Over the past forty-eight hours, my mother had spent some time awake. I fought like hell to keep the tears away whenever she was awake. I felt like it was imperative that I stayed strong for her, especially after she had stayed strong for me for so many years. She had always been there for me when I needed her, so it was my turn to be there for her now that she needed me.

"Liss, I brought you some food," John said. "You haven't eaten since supper last night."

"Don't know where in the hell you seemed to find out that I needed you to tell me that," I said, quite irate between my hunger, my hormones, and my exhaustion. Poor John. All he had ever been was kind, and here I was, treating him like a nuisance. No matter how much I acted like I despised him, he had stuck around this entire time. He hadn't left the hospital if I wasn't with him. He barely left me alone when I was trying to spend quality time with my mum in between her lengthy naps.

John ignored my comment, instead coming over to stand by my side and wait for me to tear my eyes away from the deteriorating figure in the bed in front of me. "She'll still be there after you eat, Liss. You've got a little baby in that belly of yours who needs some bloody protein."

I finally looked up at him. "Thanks, John," I said, taking the Styrofoam tray from his hands. "Hospital food is so wretched, though," I said, peering at the sketchy-looking mashed potatoes in one of the compartments.

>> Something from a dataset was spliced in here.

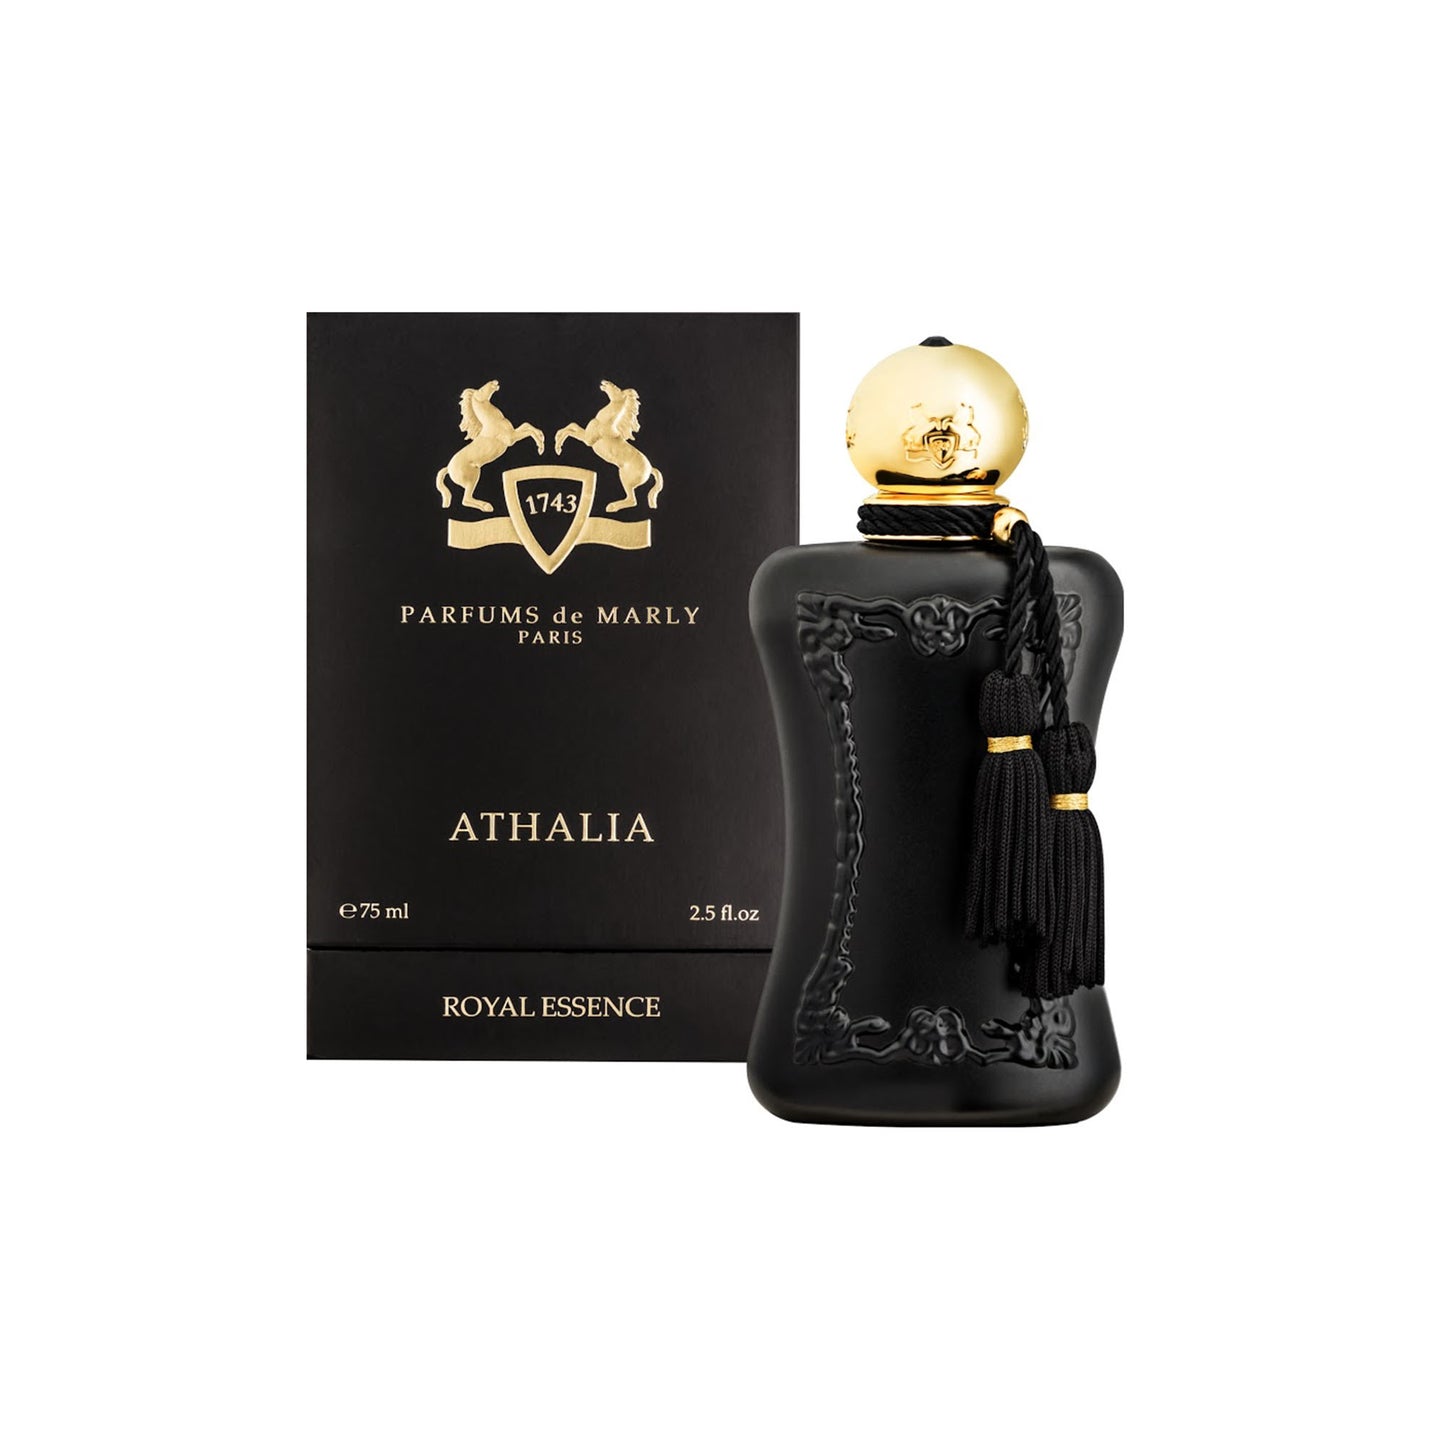 ATHALIA 1.2ml Sample Vial - Eau de Parfum

"Think that may just be Liverpool food you're talking about, Alissa," he responded with a coy grin. He pulled up a chair beside me and sat. "Now, are you going to eat that or am I going to have to bloody hand-feed you like a toddler?"

I rolled my eyes and picked up the plastic fork on the tray. I dipped it in those sketchy-looking mashed potatoes and pushed the bite past my lips. To say that the consistency was simply awful would have been the understatement of the century. I literally gagged before shovng it back at John. "Bad idea," I spluttered as I forced myself to swallow the food. "Get that away from me before I vom."